:: The data ::
*** Begin section ***

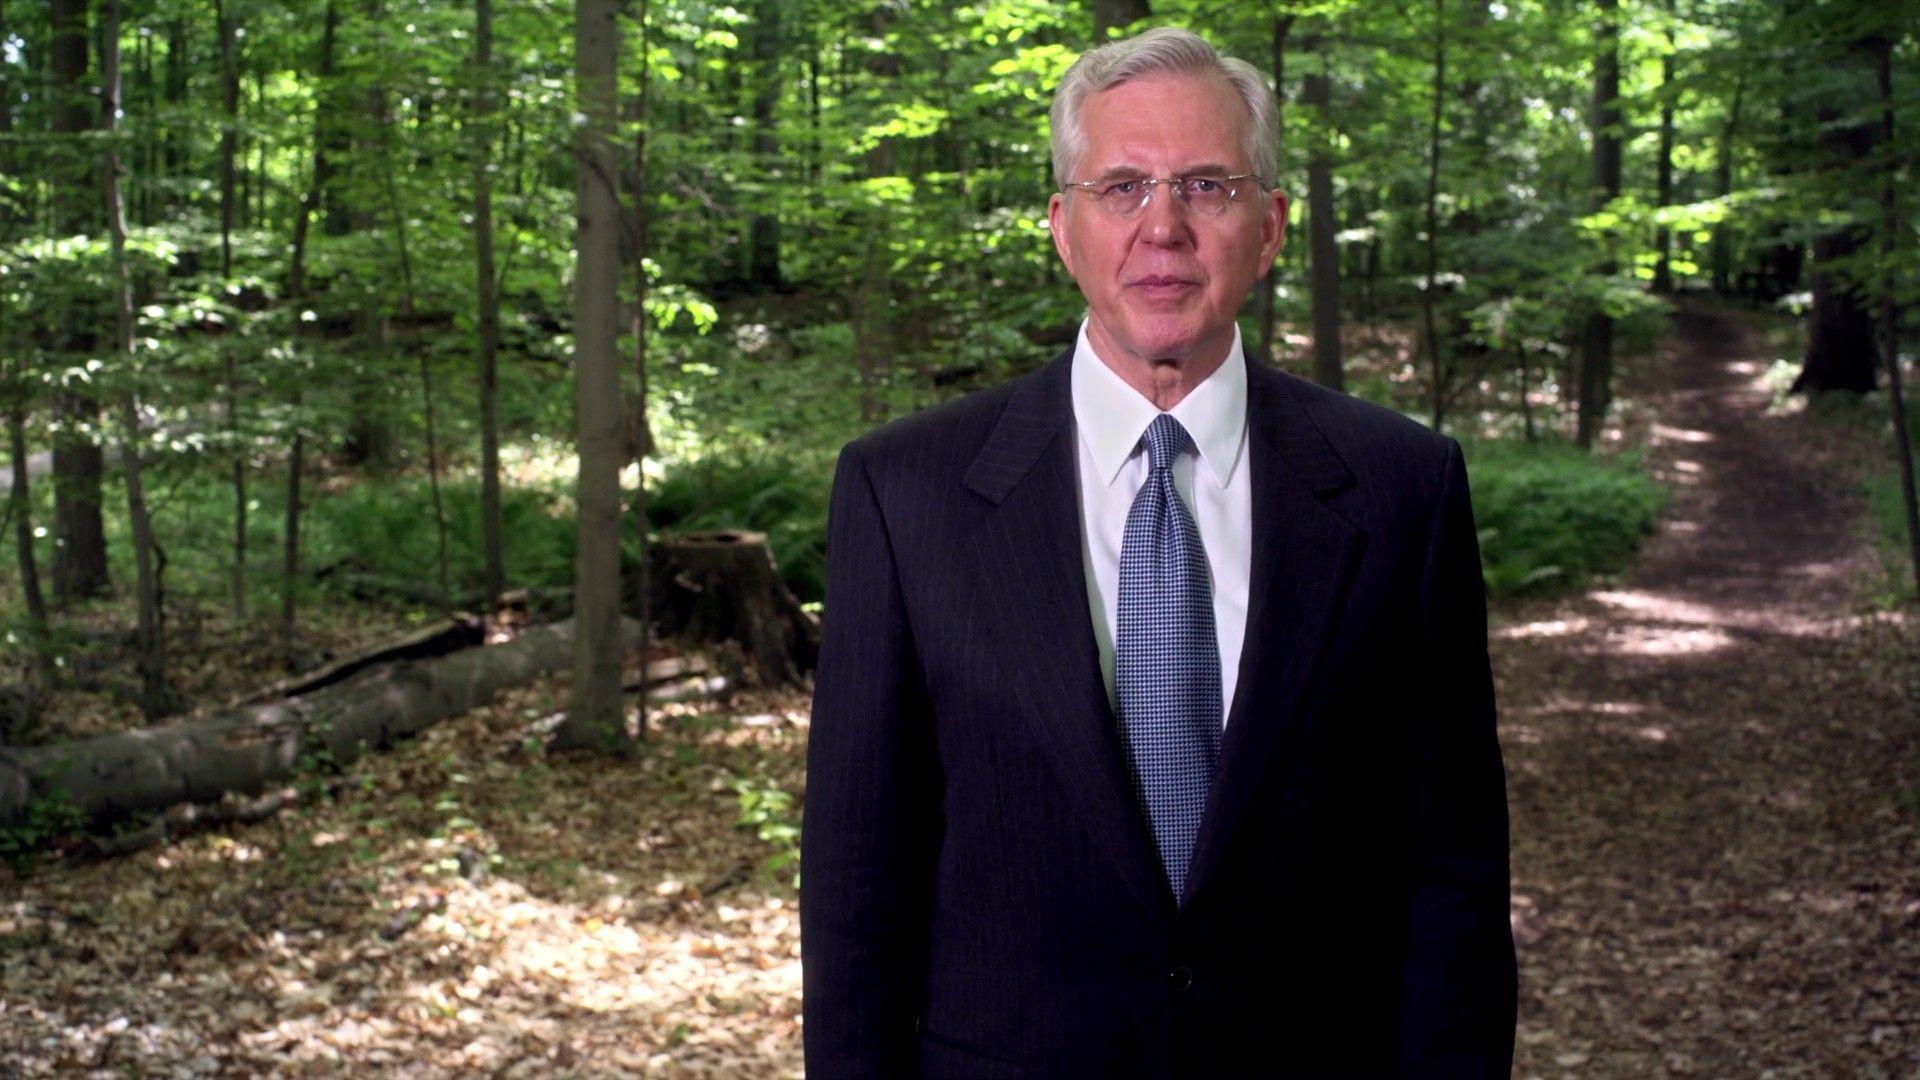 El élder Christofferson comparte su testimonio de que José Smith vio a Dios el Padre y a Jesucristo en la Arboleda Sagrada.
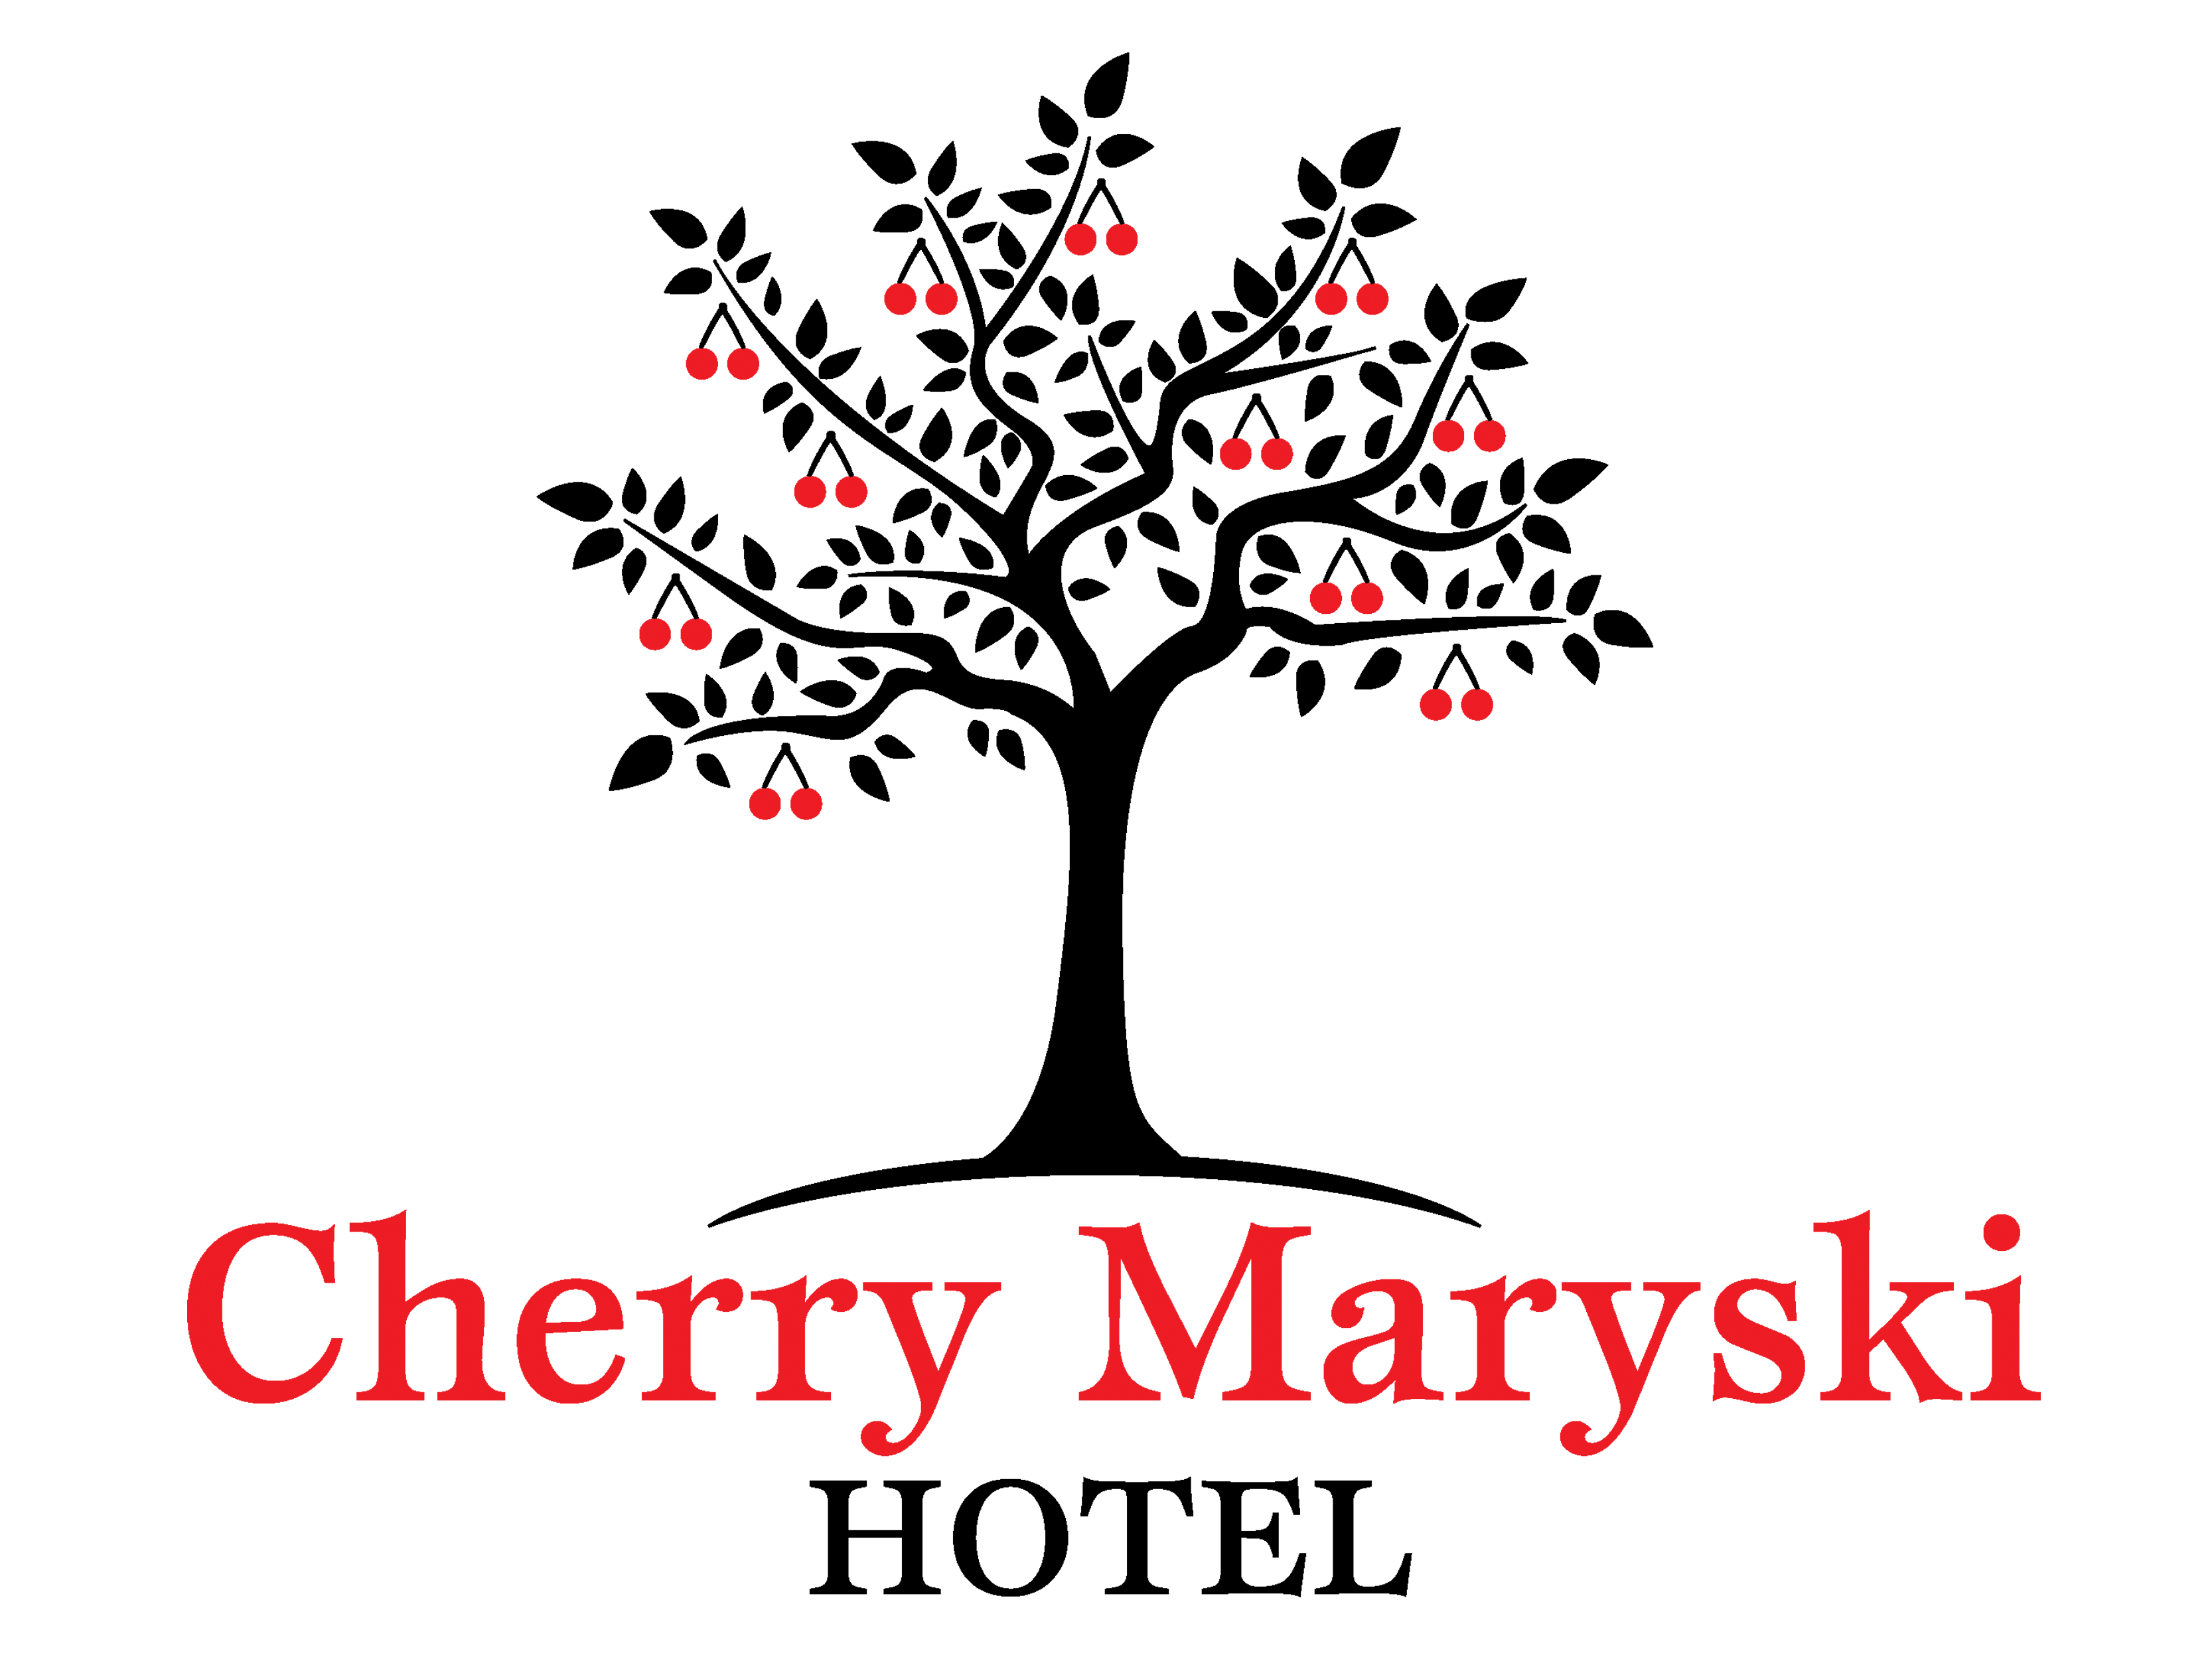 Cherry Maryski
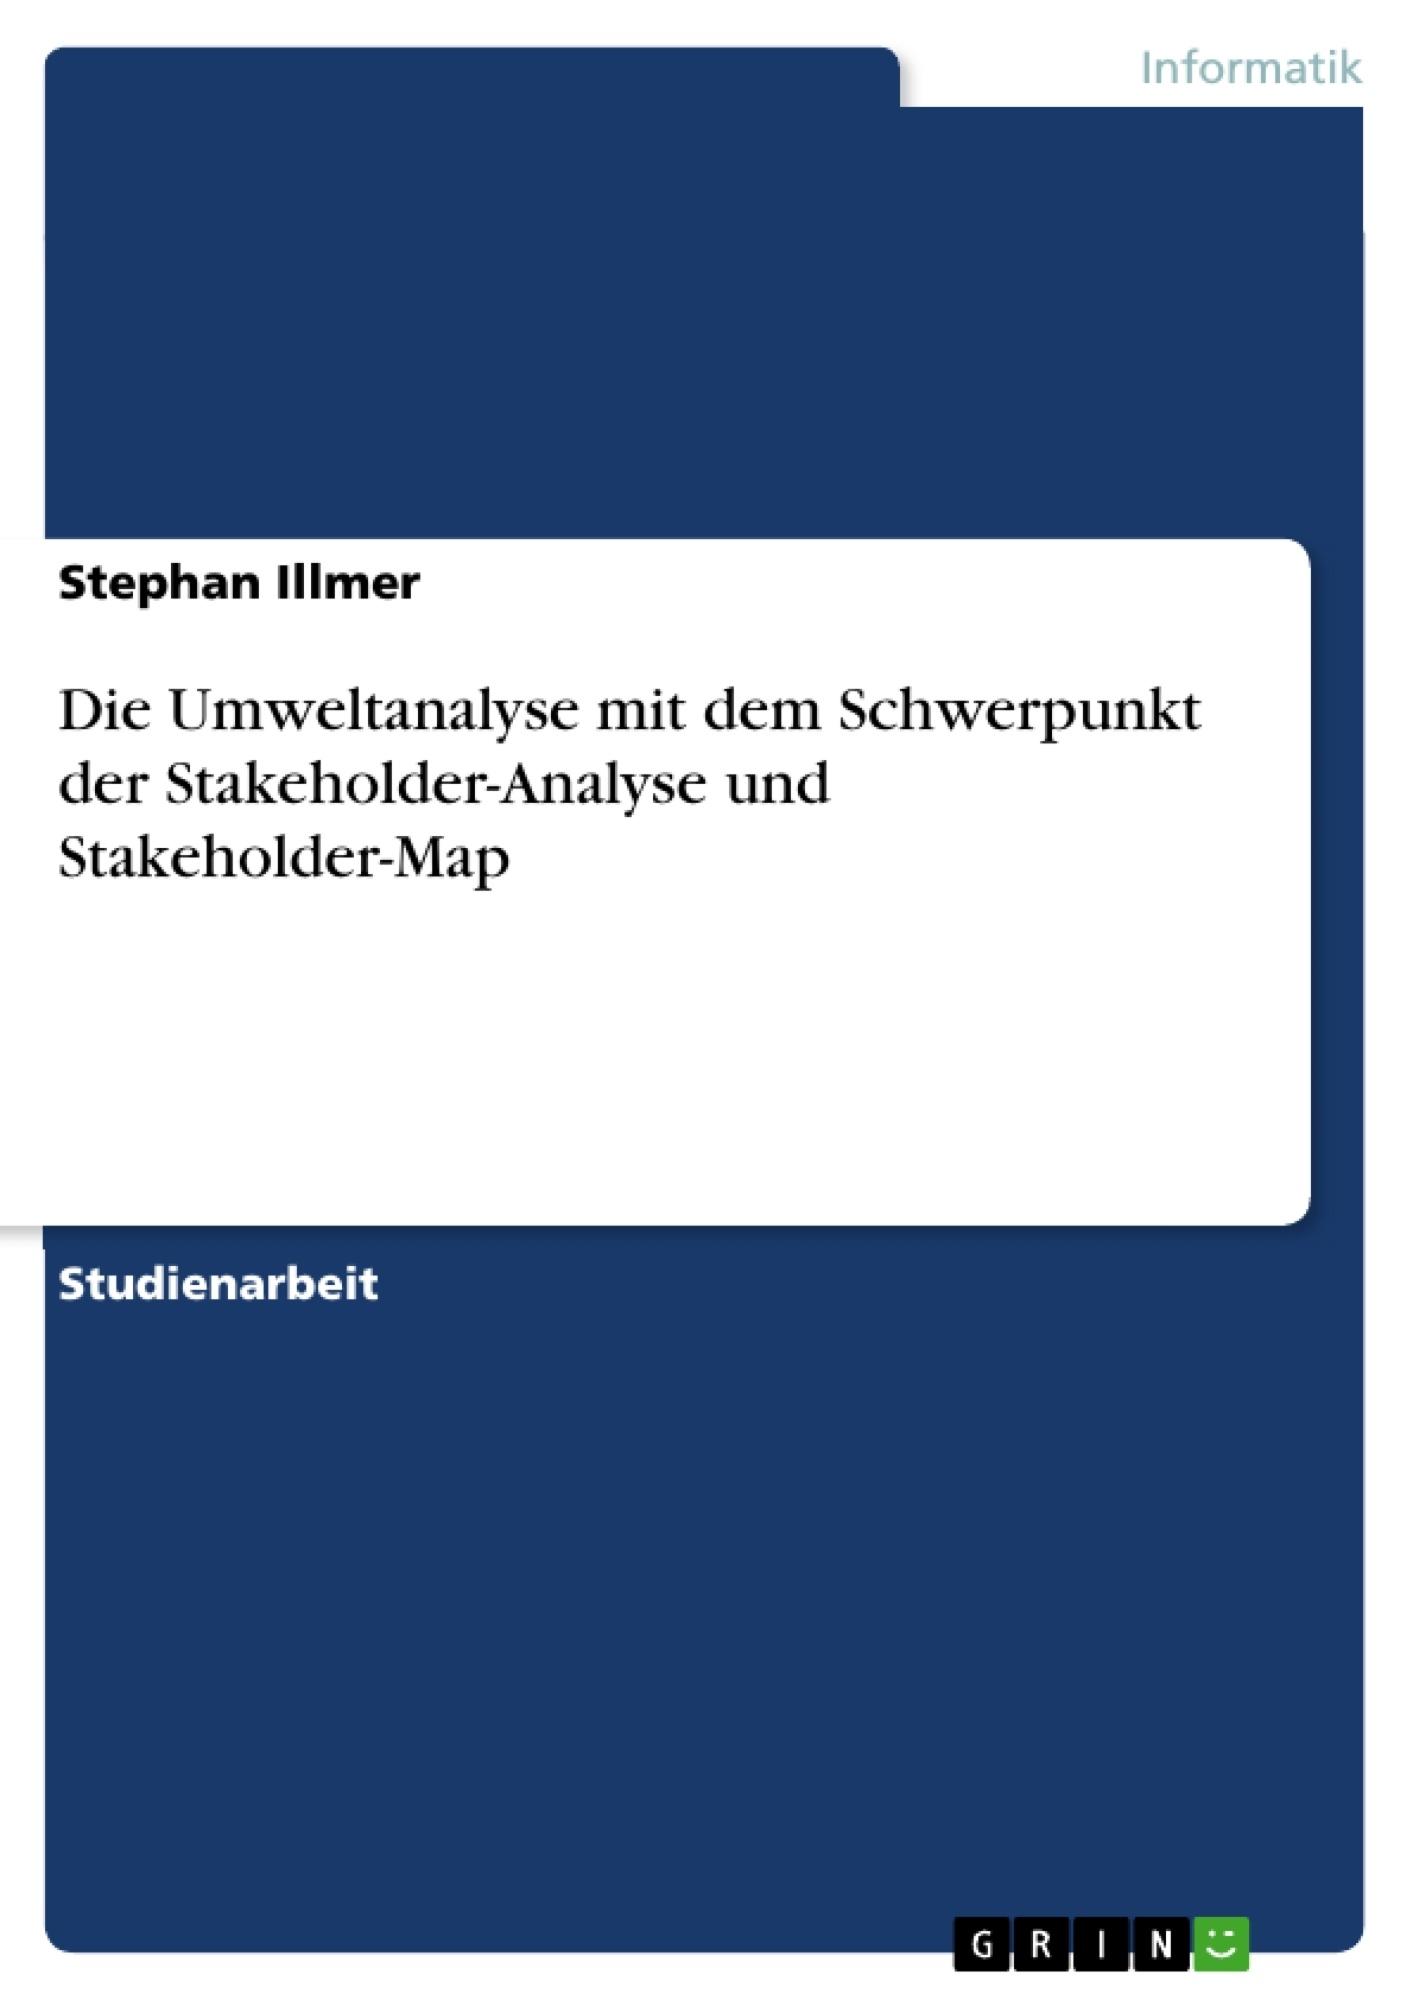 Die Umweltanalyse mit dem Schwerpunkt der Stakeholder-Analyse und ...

*** End section ***

:: Task prompt ::
Print the material verbatim; drop the pictures.

:: Output for this task ::
 El élder Christofferson comparte su testimonio de que José Smith vio a Dios el Padre y a Jesucristo en la Arboleda Sagrada.
 Cherry Maryski
 Die Umweltanalyse mit dem Schwerpunkt der Stakeholder-Analyse und ...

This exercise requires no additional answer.